Antes hablábamos de personalizar las clases: “adaptarlas a las necesidades de tu cliente”, pero tus clases también tienen que tener un componente personal propio, tuyo. Deberías dedicar algún tiempo a observar a otros profesores de español que ofrecen clases a tu cliente ideal y ver qué hacen distinto de ti y qué haces tú distinto de ellos. ¿Cómo aportas valor? ¿Qué te diferencia? ¿Por qué te han elegido a ti y no a otro? Tenlo siempre presente, déjalo en algún lugar visible y no lo pierdas de vista.

 

Si no lo tienes claro, pasa una encuesta a tus alumnos. Ellos no tendrán ningún problema en decirte por qué te eligieron a ti y no a otro.

 

Un consejo: si te escogieron por el precio, te recomiendo que crees una estrategia para convencerlos por otra faceta: el dinamismo de las clases, la profesionalidad de los materiales, los temas interesantes que propones… Cualquier cosa que los vuelva a convencer de que contigo están mejor que con nadie.
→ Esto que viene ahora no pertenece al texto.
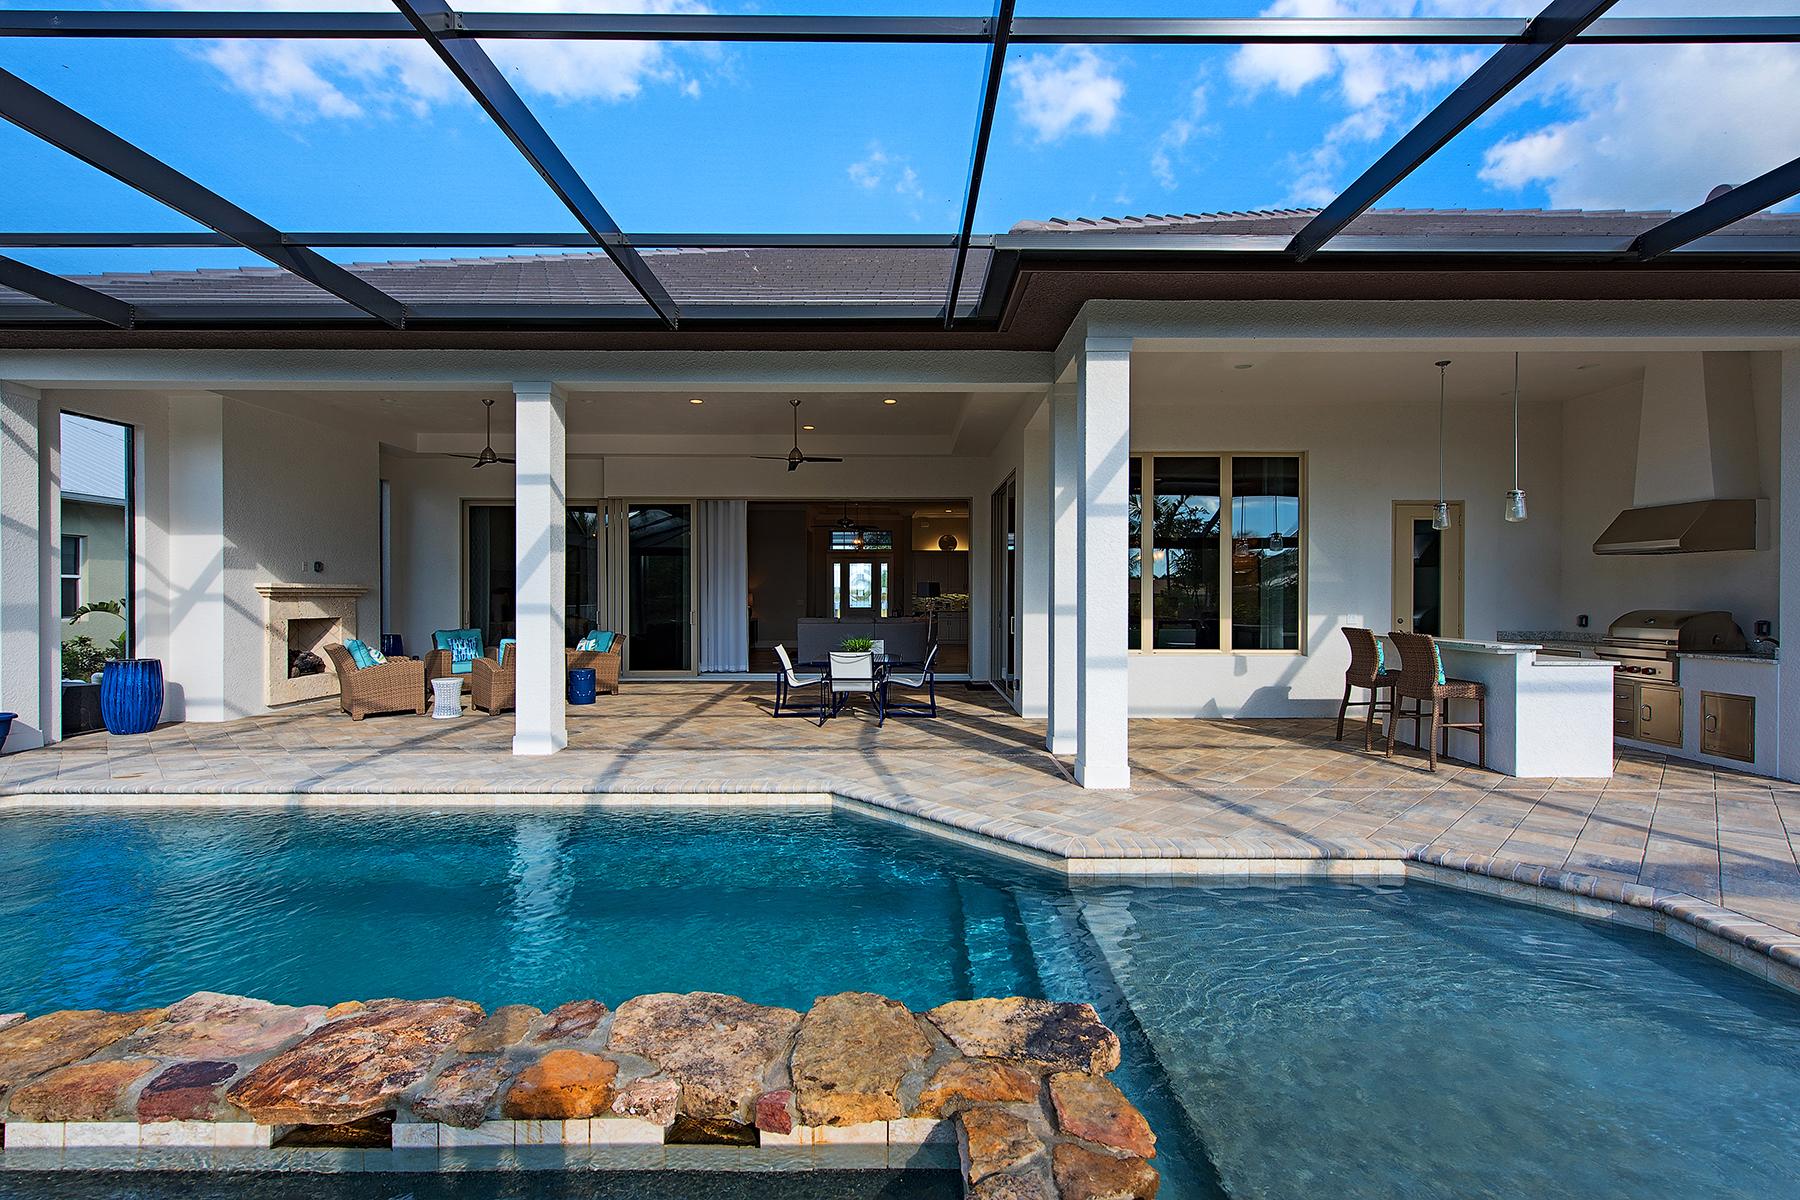 独户住宅 为 销售 在 PARROT CAY 14183 Charthouse Ct 那不勒斯, 佛罗里达州, 34114 美国
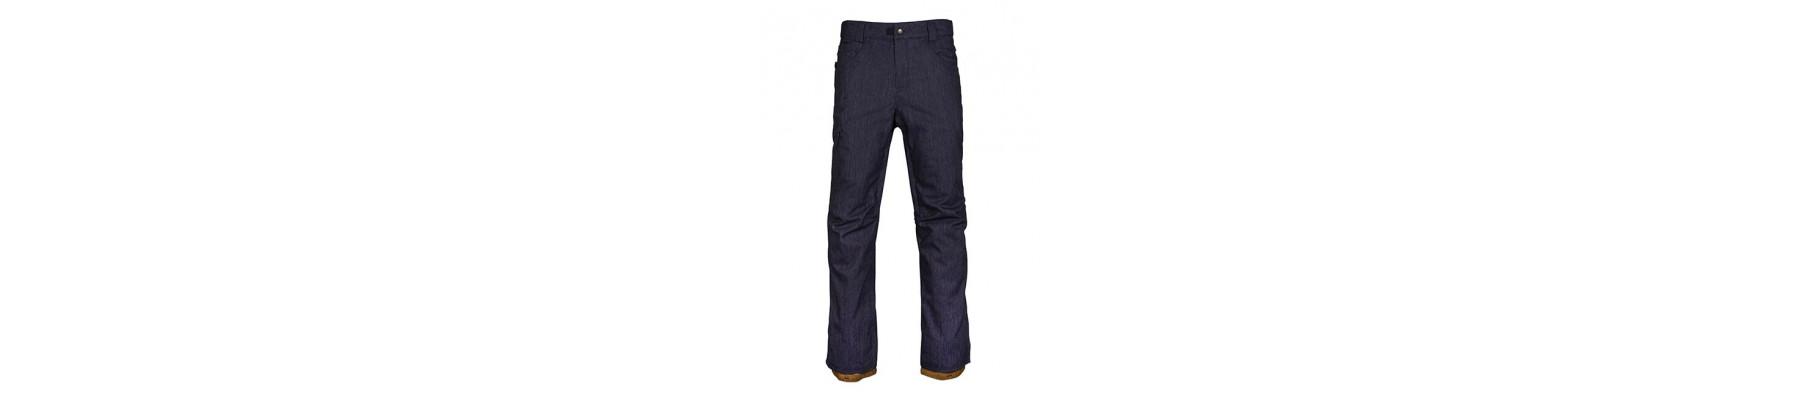 686 Raw Insulated Pant BLUEDENIM 10K/10K/-12'C
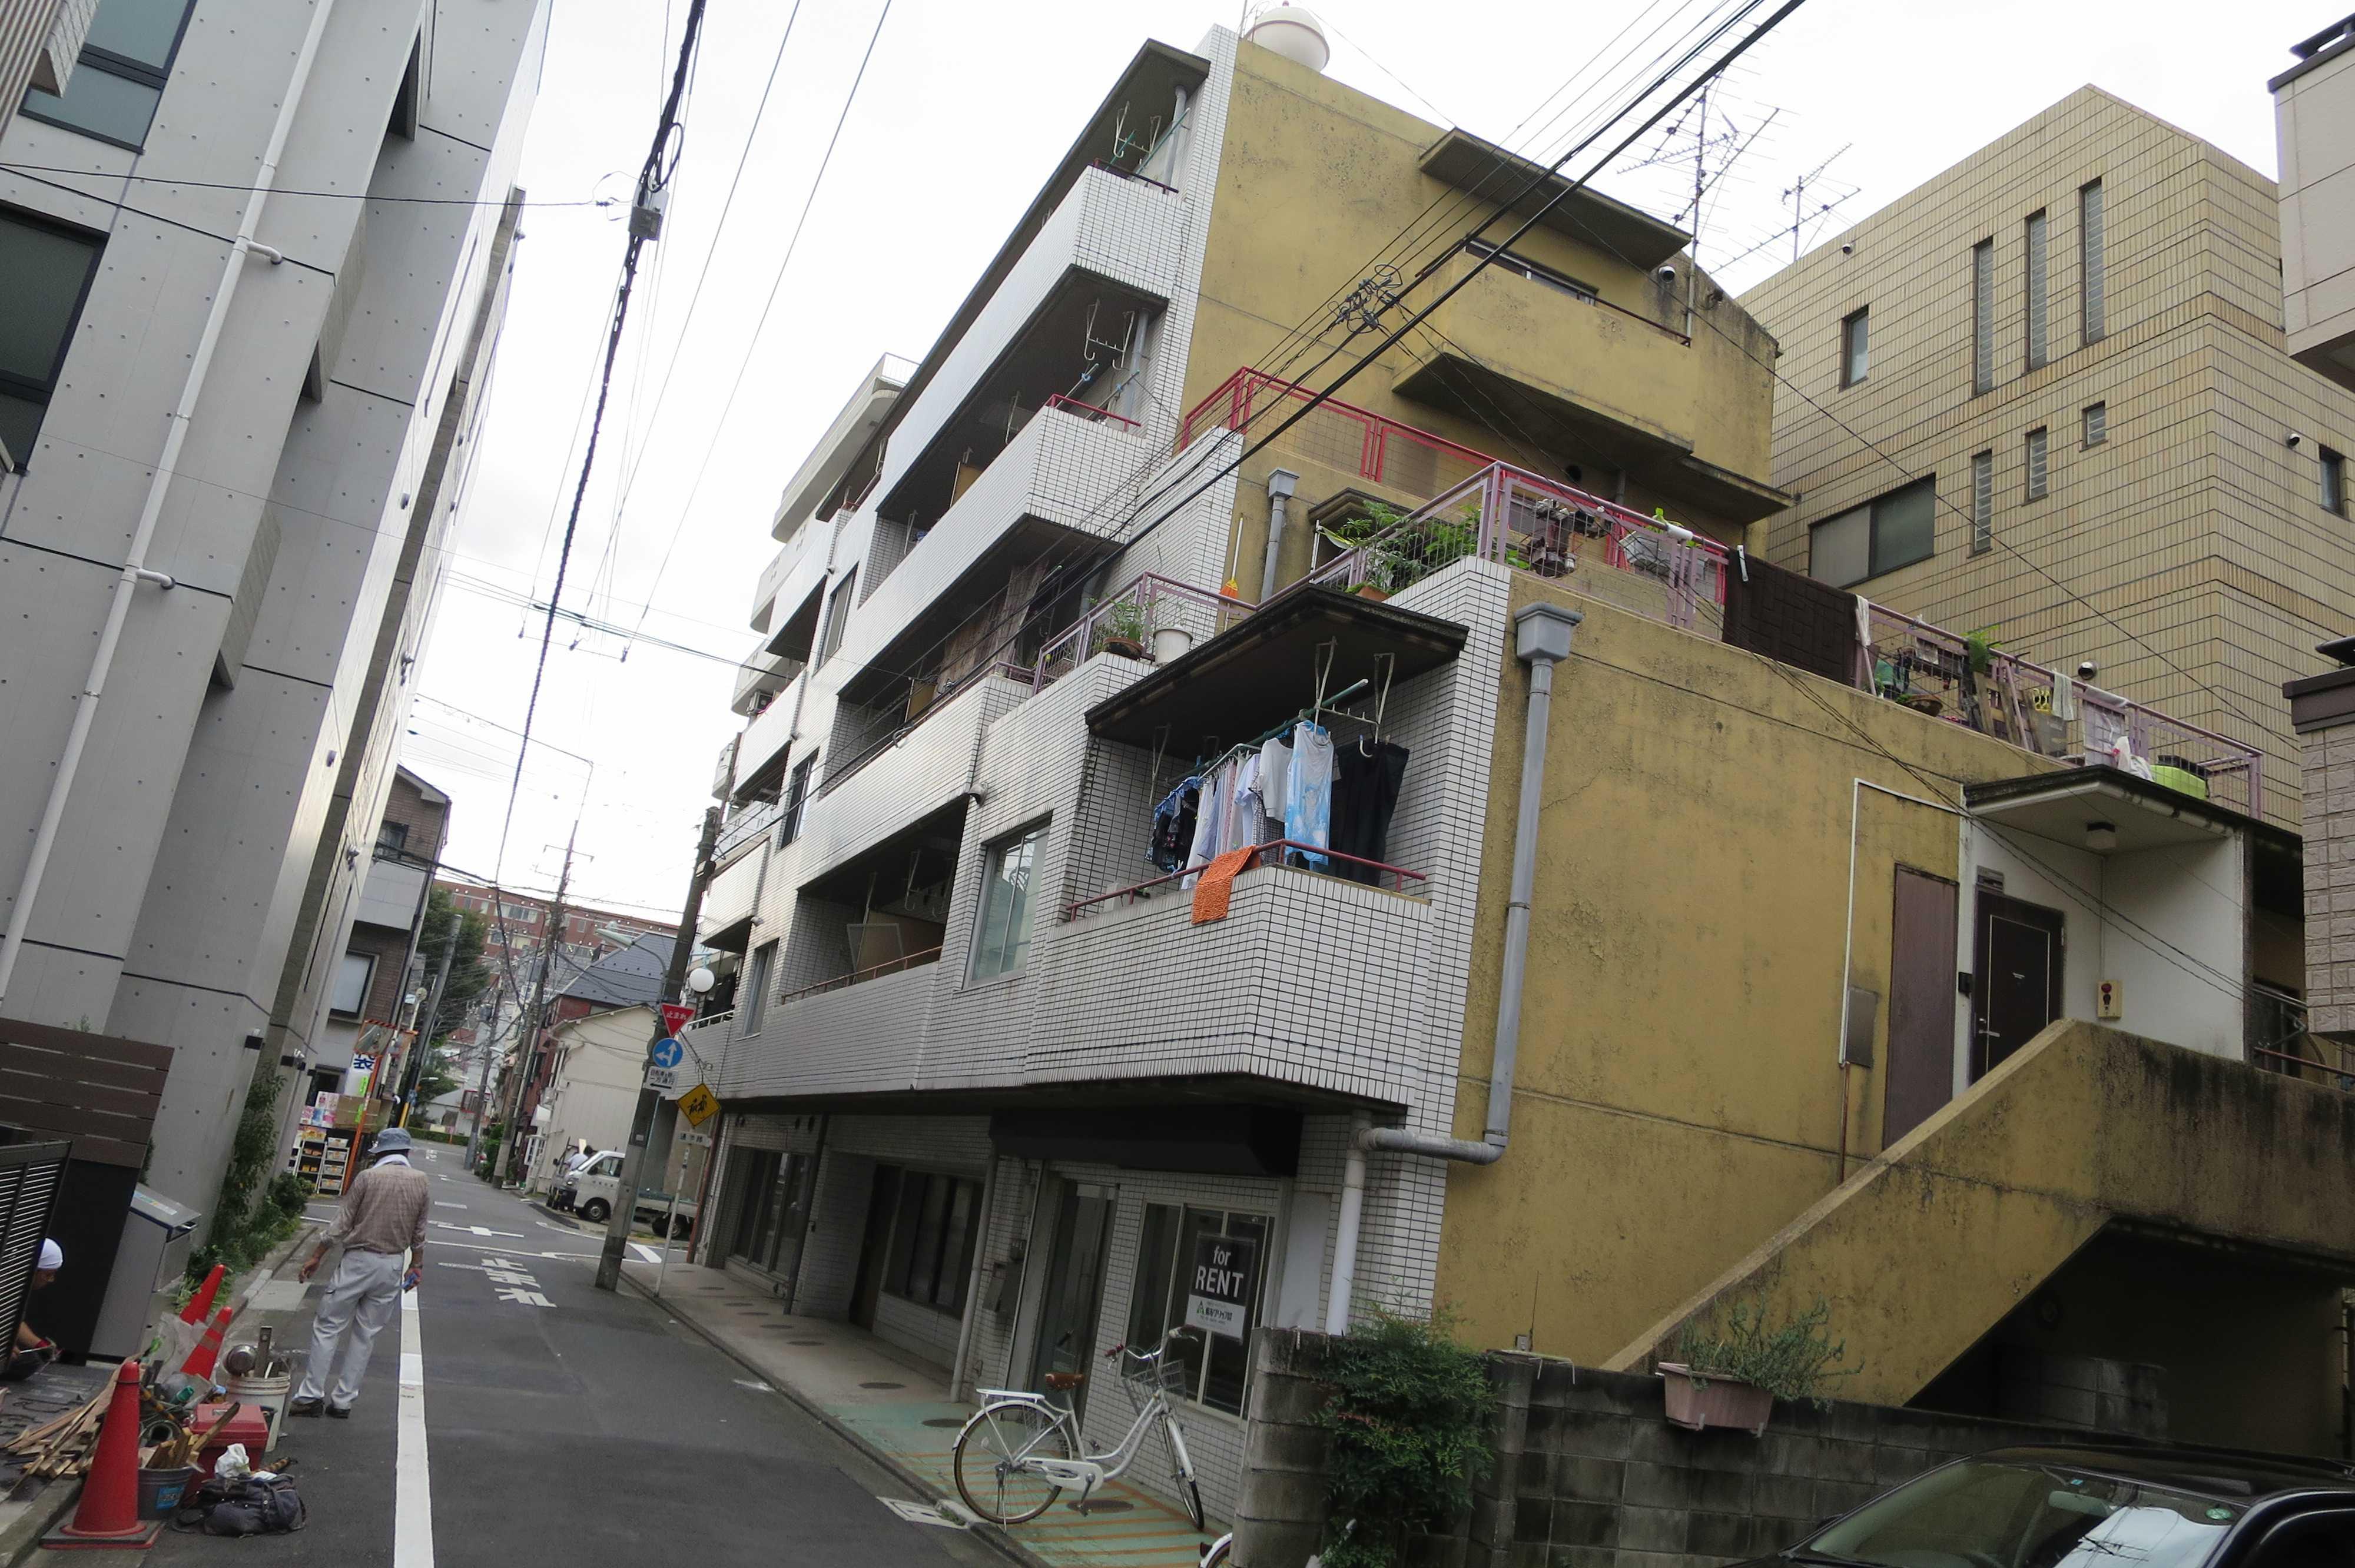 正面は新しそうだけど、横が古い建物 - 東京都品川区
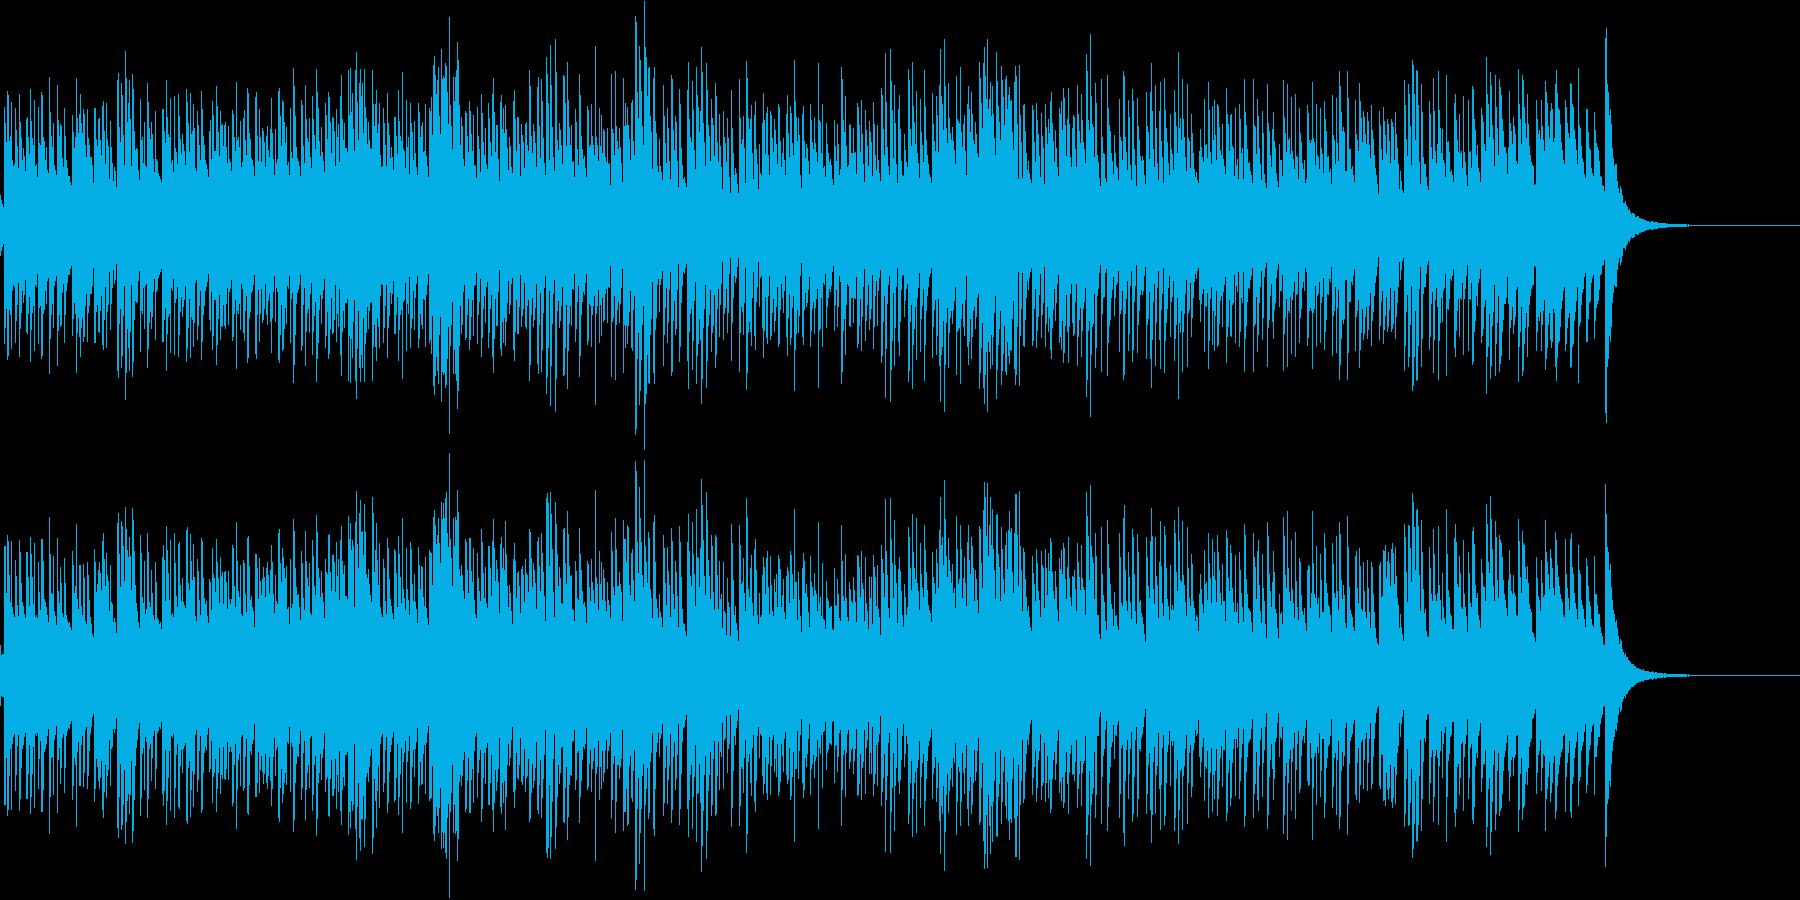 アヴェ・マリア シューベルトの再生済みの波形

Si no lo haces, todos esos alumnos que llegaron por el precio de tus clases, se irán cuando encuentren otras más baratas.

 

Procura no dejar de hacer nunca aquello que te diferencia y por lo que los alumnos te han elegido y evitarás que busquen a otro profesor. Si los convenciste para empezar contigo, los convencerás para seguir.

 

¿Qué métodos utilizas o vas a utilizar tú para conseguir que tus alumnos sean regulares? Cuéntame en los comentarios qué te ha funcionado y qué no.